Bernard Nadal Baker (11 May 1854 – 20 December 1918) was a shipping magnate from Baltimore, Maryland.

Baker descended from generations of wealthy Baltimore merchants and glass manufacturers. He studied in Philadelphia with the geologist and chemist Frederick Genth and was a special student at Yale College. In the 1880 Census Baker identified himself as a glass manufacturer, but he had also founded three businesses supplying coal, tugs, and lighters and cold storage facilities in Baltimore harbor. Although the U.S. mercantile marine had been declining for decades in the face of British competition and high domestic operating costs, Baker's ambition was to build a major American owned transatlantic steamship line in Baltimore. In 1881, with the support of the Pennsylvania Railroad (which wanted a transatlantic outlet for its freight business) Baker established the Atlantic Transport Line (A.T.L.). Shipping freight and livestock from Baltimore and Philadelphia, Baker quickly became the second-largest American steamship operator. In 1892 he initiated the exclusively first class direct London to New York passenger service for which the A.T.L. became famous.

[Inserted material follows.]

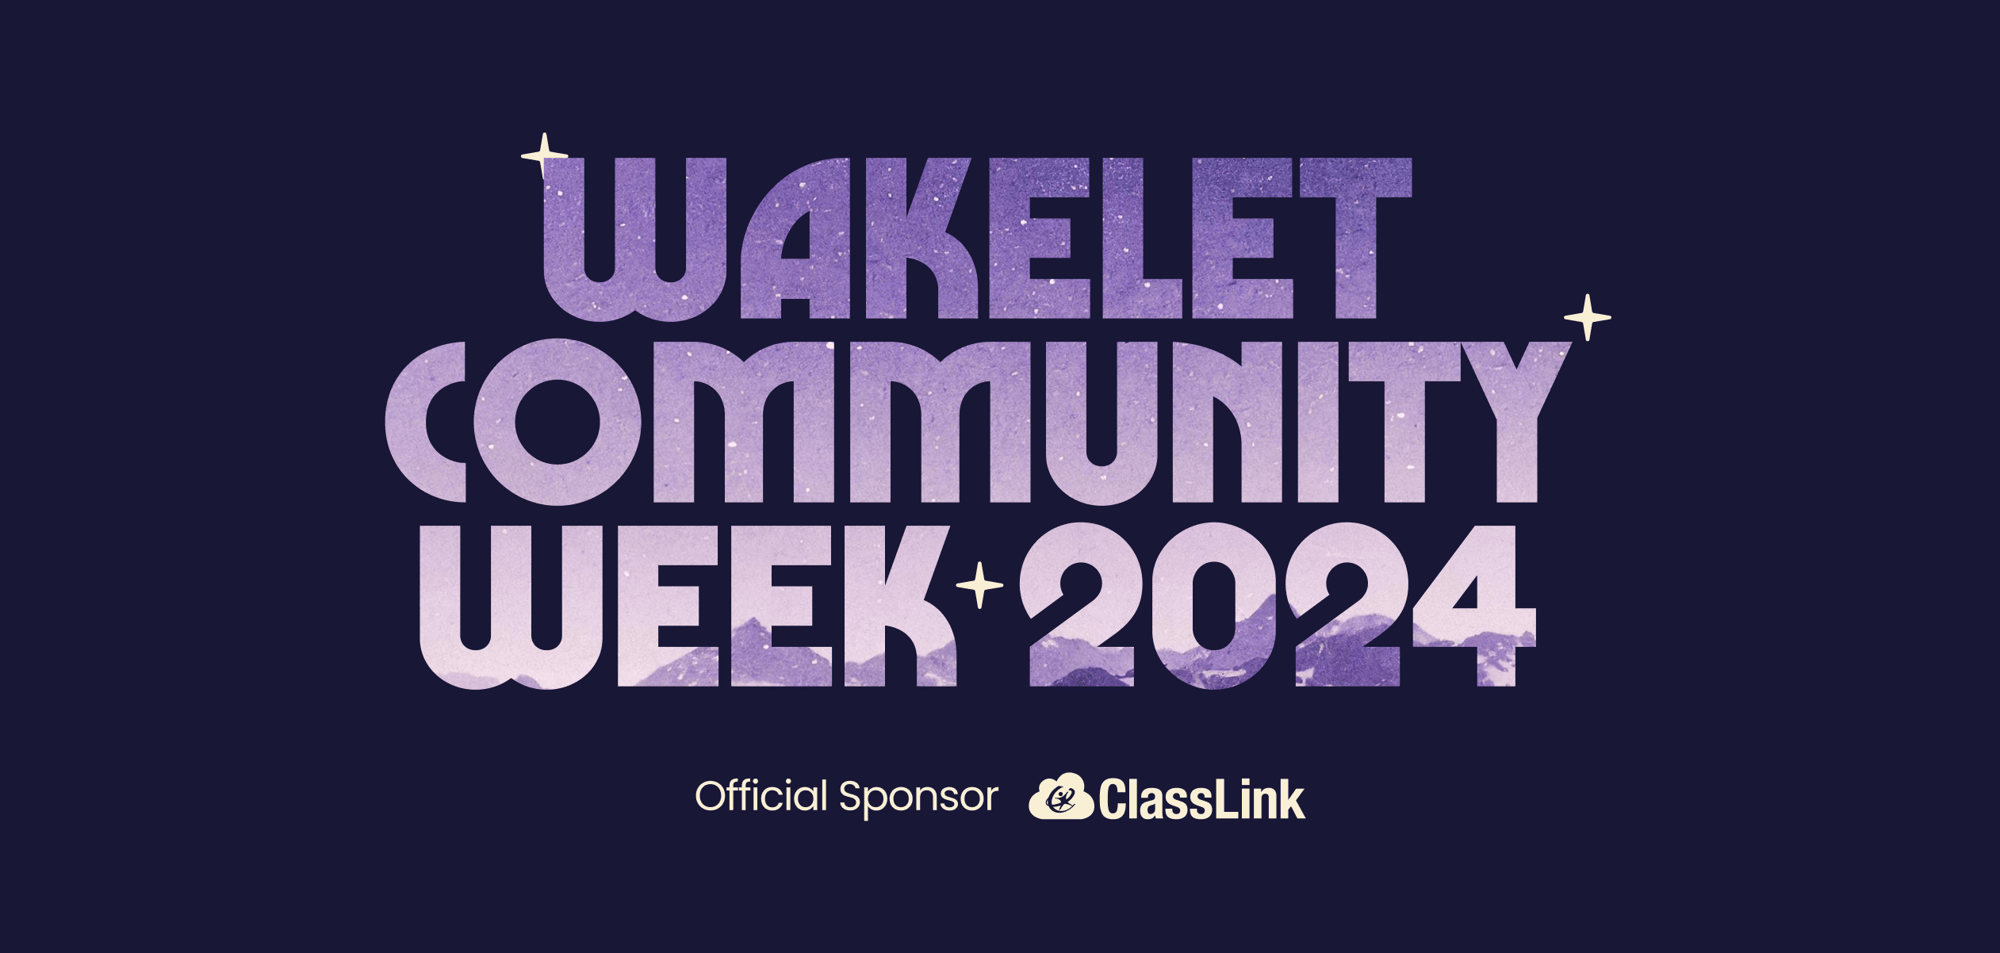 Wakelet Community Week 2024 - official sponsor Classlink

Baker's move to sell the line to his principal British competitor in the late 1890s led to the creation of J Pierpont Morgan's colossal International Mercantile Marine Company (IMM) in 1902 through the merger of the A.T.L. and six other companies.

Baker effectively retired from the shipping business when the IMM was formed and lost much of his fortune when the IMM shares for which he exchanged his A.T.L. shares plummeted in value. But he had gained an international reputation as an authority on shipping and was consulted by the U.S. Government on the Panama Canal and was one of four experts appointed for a National Sub-Committee on Transportation Problems. He supplied much of the data for the contentious shipping bill in 1915, and having been one of the moving spirits in its creation, he was appointed by President Woodrow Wilson as one of the five members of the United States Shipping Board during World War I.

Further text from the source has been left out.